ValueError: all the input array dimensions except for the concatenation axis must match exactly
aconneau commented 6 years ago

Oh ok I get it. Can you try to change the line in models.py here: https://github.com/facebookresearch/InferSent/blob/master/encoder/models.py#L67

emb = torch.max(sent_output, 0)[0]

into:

emb = torch.max(sent_output, 0)[0].squeeze(0)

and see if this works then?

briandw commented 6 years ago

That's working now. Thanks! I wonder why this didn't show up before?

aconneau commented 6 years ago

@briandw So this is an issue linked to the change of policy in pytorch functions such as max, mean, sum etc.

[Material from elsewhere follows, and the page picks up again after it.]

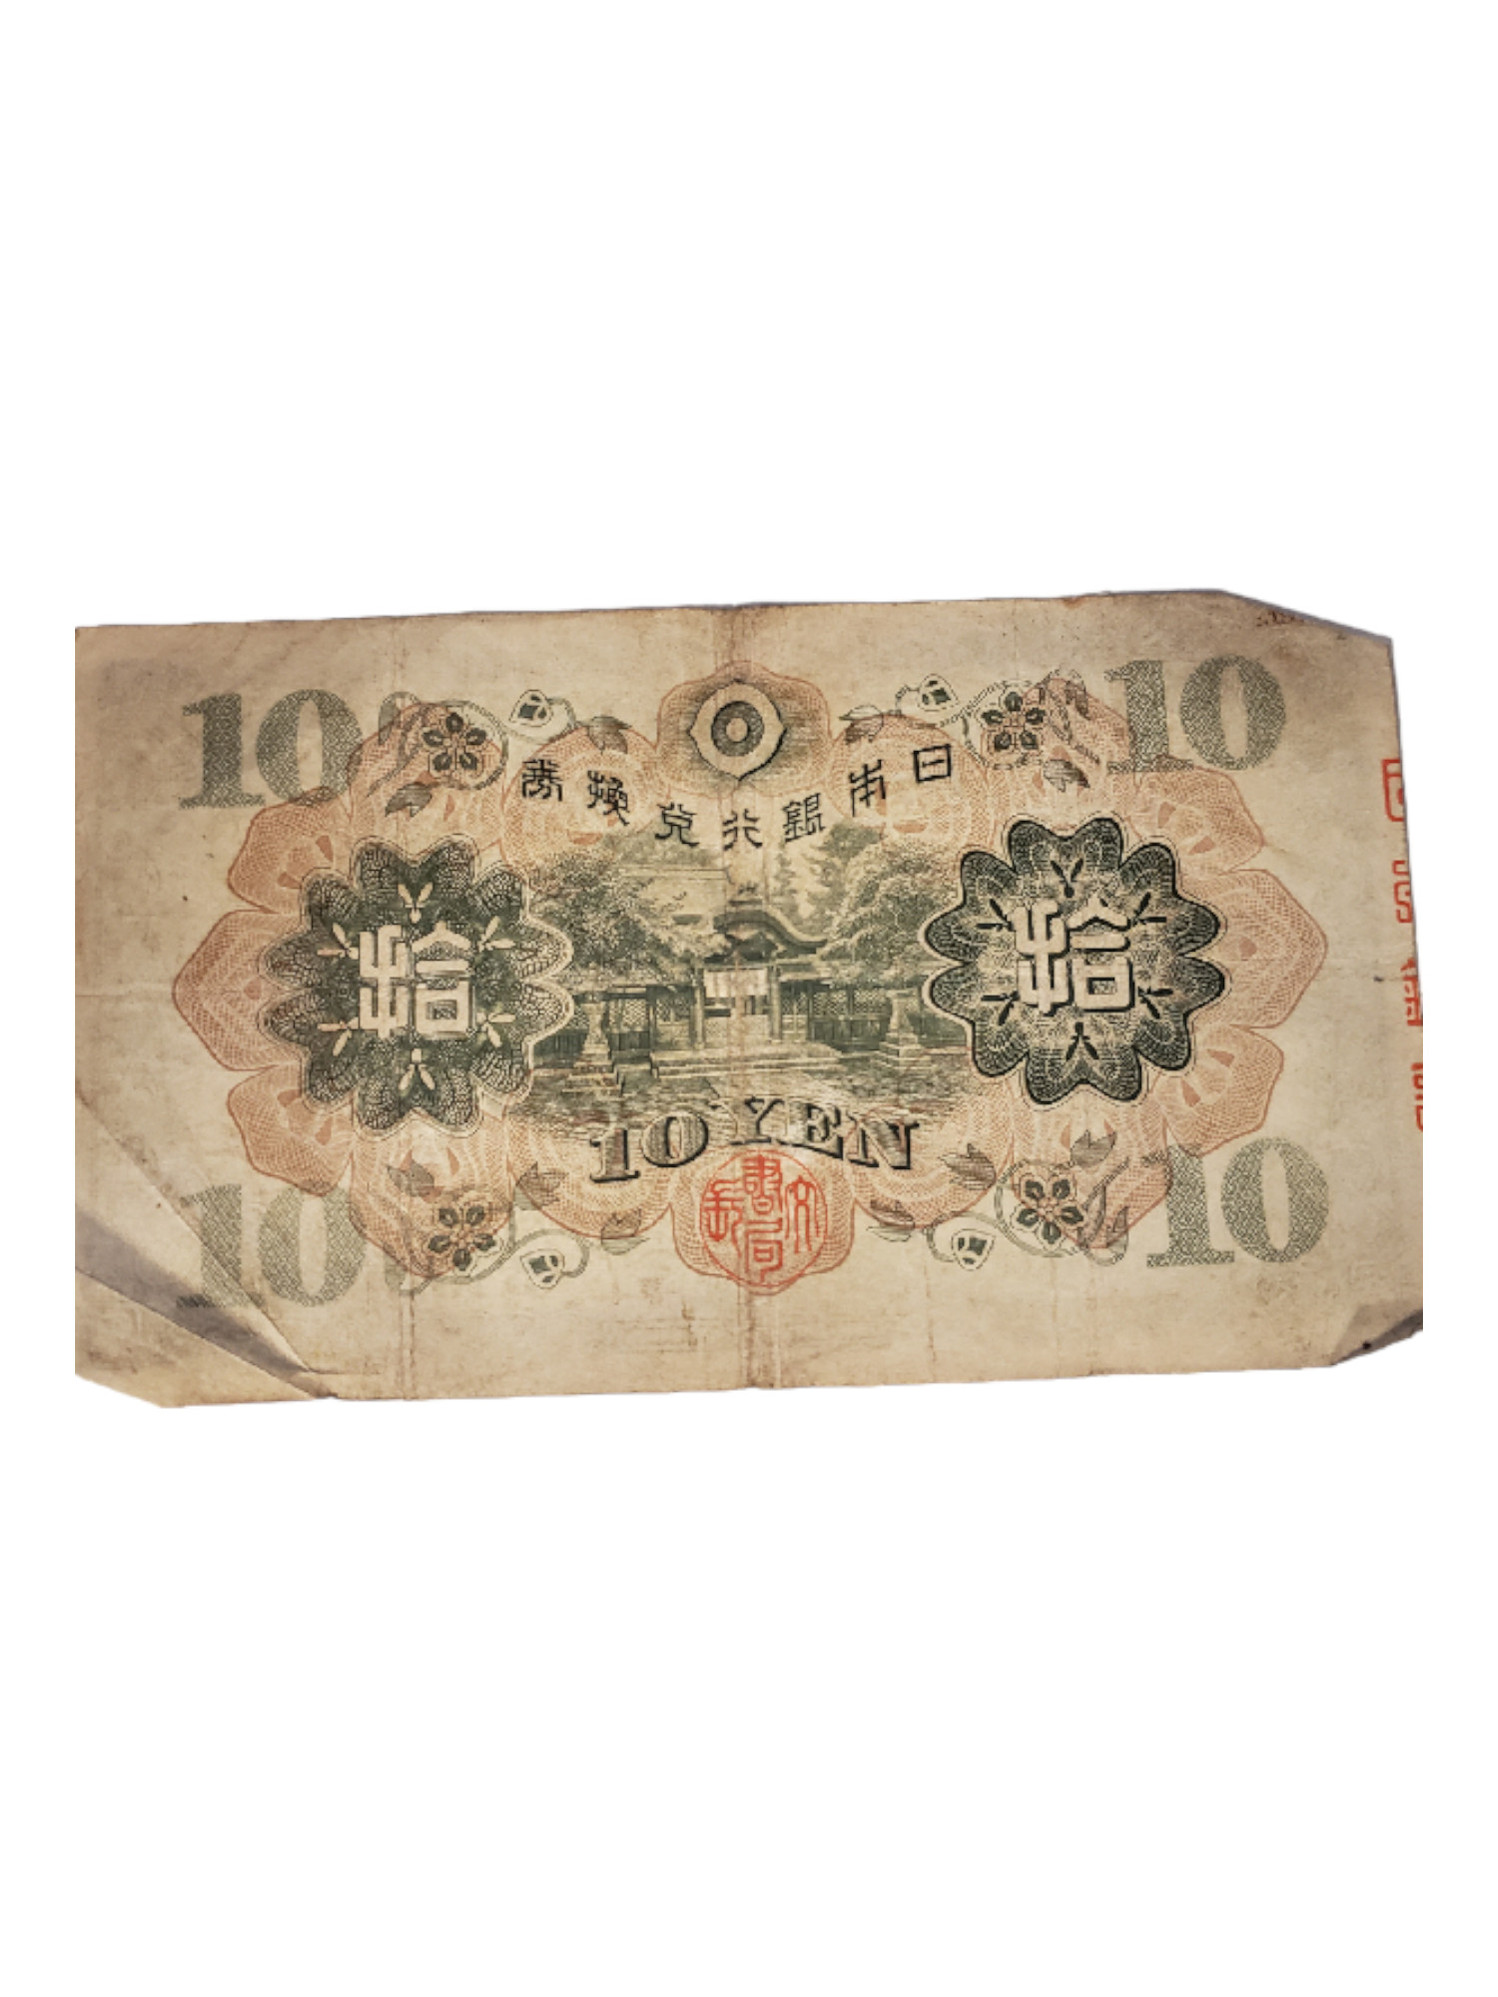 World War 2 Imperial Japanese 10 Yen banknote
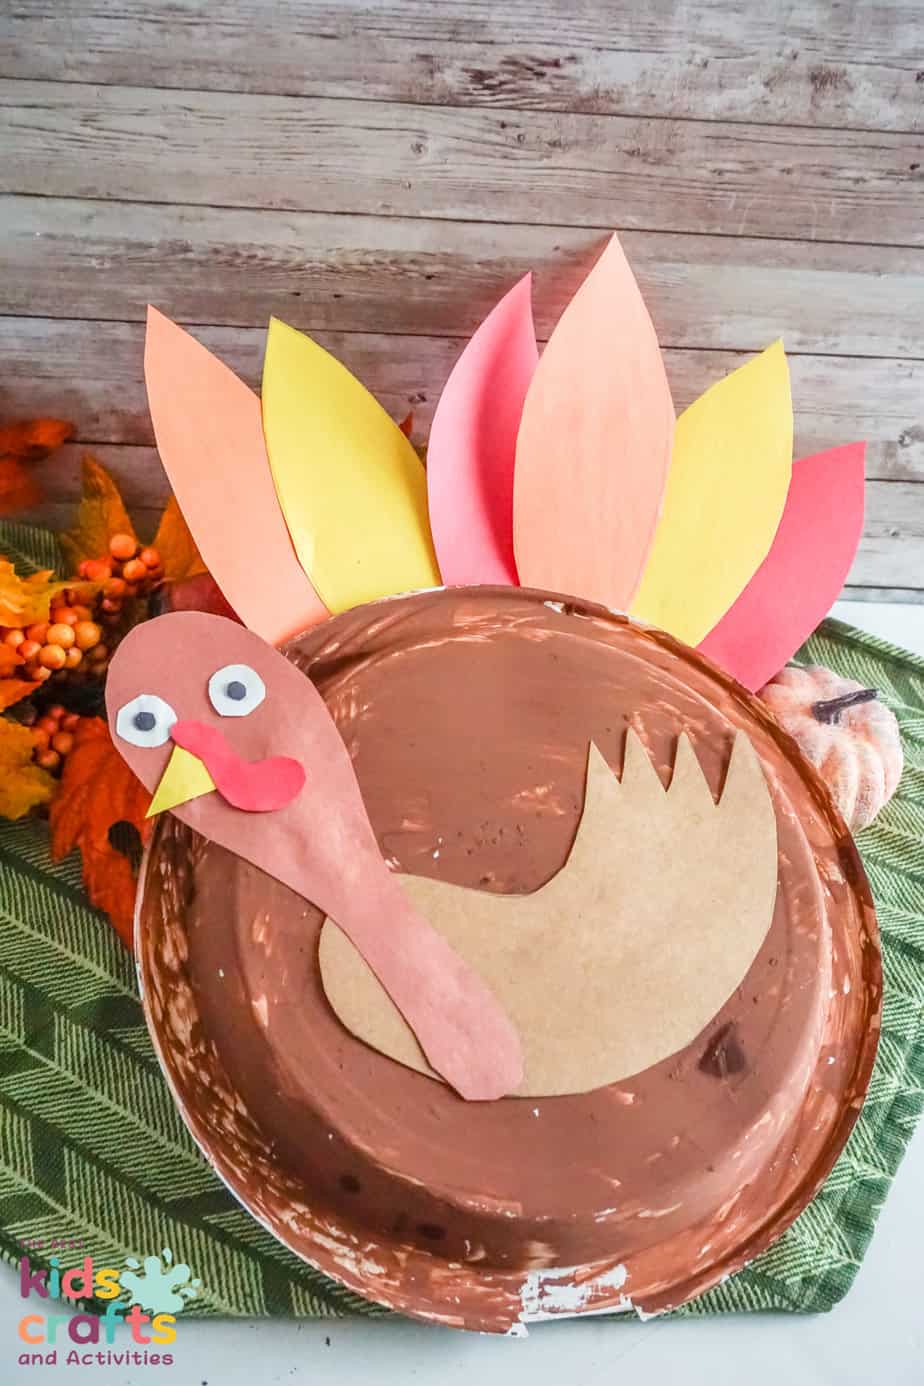 Thanksgiving Turkey Paper Plate Craft

If you have a tensor of size (say) (23, 128, 4096). If you take the torch.max (or torch.mean ..) over the first dimension, then you get a tensor of size:

(128, 4096) for recent versions of pytorch (1, 128, 4096) for old versions of pytorch

So it means your version of pytorch is too old. I will update the requirement part in the README, and add an exception in the models.py to handle this case.

Thanks

aconneau commented 6 years ago

https://github.com/facebookresearch/InferSent/commit/4b7f9ec7192fc0eed02bc890a56612efc1fb1147

Pragtisood commented 1 year ago

setting an array element with a sequence. The requested array has an inhomogeneous shape after 1 dimensions. The detected shape was (9815,) + inhomogeneous part. getting this error on embeddings = infersent.encode(sentences, bsize=128, tokenize=False, verbose=True) print('nb sentences encoded : {0}'.format(len(embeddings)))